L’Accueil Lagouhat propose notamment des cours de langue quotidiens, pour « favoriser l’intégration des migrants grâce à l’acquisition et/ou une meilleure compréhension de la langue française », comme le décrivent les membres de l’association sur son site internet. Montrer que la langue est un vecteur d’intégration majeur et que se pose la question d’une langue commune à tous les Hommes (esperanto, utilisation du globish) diversifie la notion de frontière, pour l’étendre à une conception culturelle. Cet acteur se positionne donc pour une ouverture des frontières, à la fois par son soutien général envers les migrants que par ses actions concrètes pour une diversité culturelle intégrative dans une société, sans nier les particularismes. D’autres associations comme Bibliothèque sans frontière luttent aussi pour un accès des migrants à la culture, vecteur d’intégration. L’initiative, en avril 2015, d’installer des Ideas Box, centres culturels éphémères installables en une vingtaine de minutes, près de la Gare de l’Est, a été largement saluée.
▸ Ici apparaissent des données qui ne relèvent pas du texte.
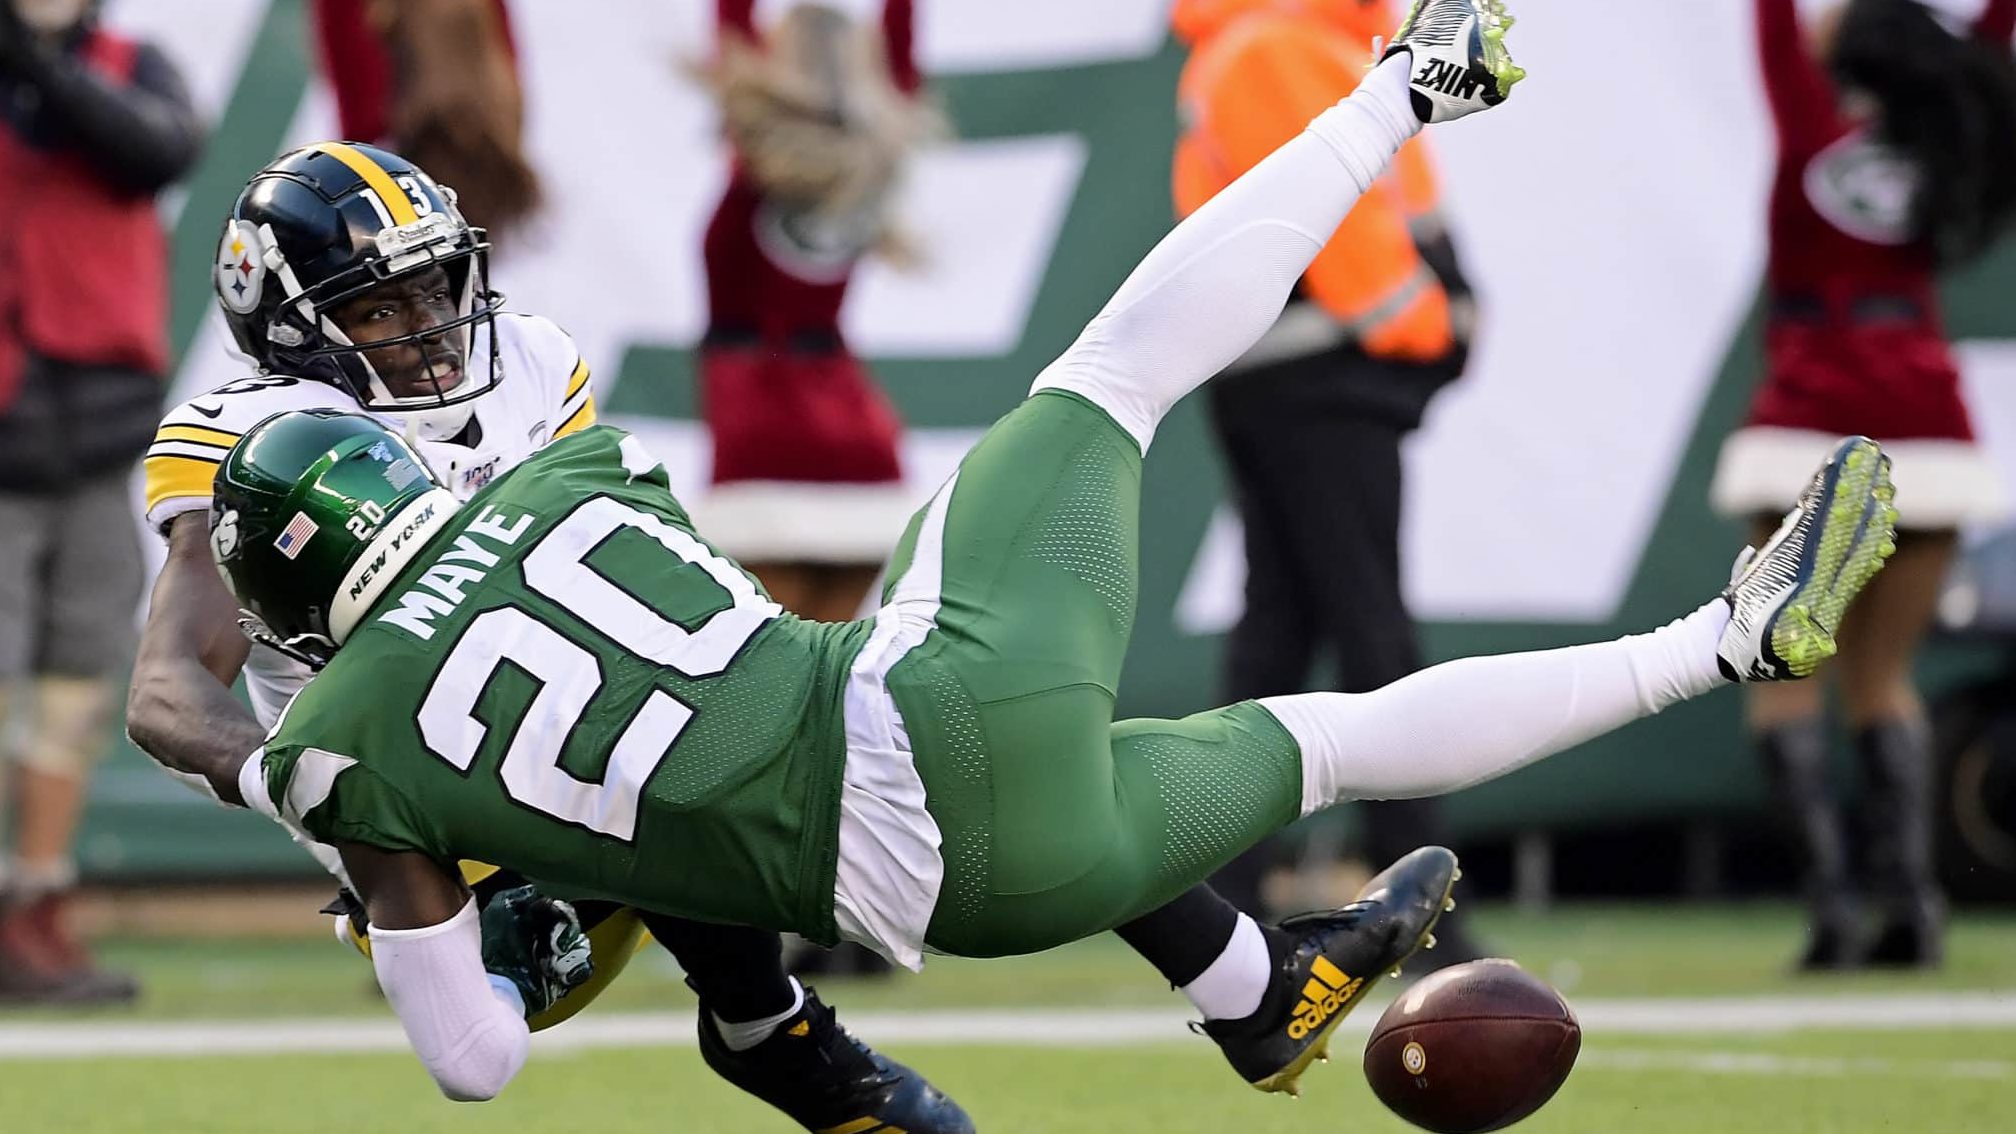 EAST RUTHERFORD, NEW JERSEY - DECEMBER 22: Marcus Maye #20 of the New York Jets breaks up a pass intended for James Washington #13 of the Pittsburgh Steelers during the second half at MetLife Stadium on December 22, 2019 in East Rutherford, New Jersey.

Un autre type d’acteurs, véhiculant un discours éducatif et provenant de l’Etat, promeut également une ouverture des frontières culturelles. Comme exemple, on peut citer les articles du site du Musée de l’Histoire de l’Immigration de Paris, concernant les migrations. Le journaliste Mustapha Harzoune, spécialisé dans la littérature issue de l’immigration, écrit plusieurs articles informatifs pour ce musée, dans la rubrique Culture et diversité :

[…] Les immigrations ont contribué non seulement à irriguer les arts, les modes de vie, la culture française mais aussi et parfois à en être les principaux vecteurs. […] Les immigrés et leurs descendants n’ont cessé de contribuer à la vitalité et au rayonnement international du « génie » culturel français. L’influence est multiple et ne consiste pas uniquement à s’inscrire dans une tradition artistique préexistante, à intégrer une identité inclusive et fixe mais à organiser des allers-retours entre l’ici et l’ailleurs, à multiplier les références, à décentrer les regards, à inscrire la France, physique mais aussi celle de la création, dans le monde et à introduire des thèmes nouveaux comme ceux de l’identité […]

Le journaliste tient donc à défendre une ouverture des frontières, leur fonction étant ici de permettre les échanges culturels et l’accueil des pensées et des cultures de « l’ailleurs ».

Face à un phénomène de mondialisation croissante, de peur de la pensée unique et d’homogénéisation culturelle, l’historien Serge Gruzinski, spécialiste de la mondialisation ibérique au XVIème siècle, tente dans son ouvrage La pensée métisse (Fayard, 2012) de relativiser ce phénomène en montrant que la mondialisation n’est pas un phénomène nouveau et que le métissage culturel est un processus en oeuvre depuis plusieurs siècles.

Le lien entre frontières et cultures est donc interprété différemment par les acteurs de cette controverse, et ces divergences s’expliquent en partie par des définitions de la frontière qui ne se recoupent pas totalement, associées à des idéologies politiques différentes sinon opposées.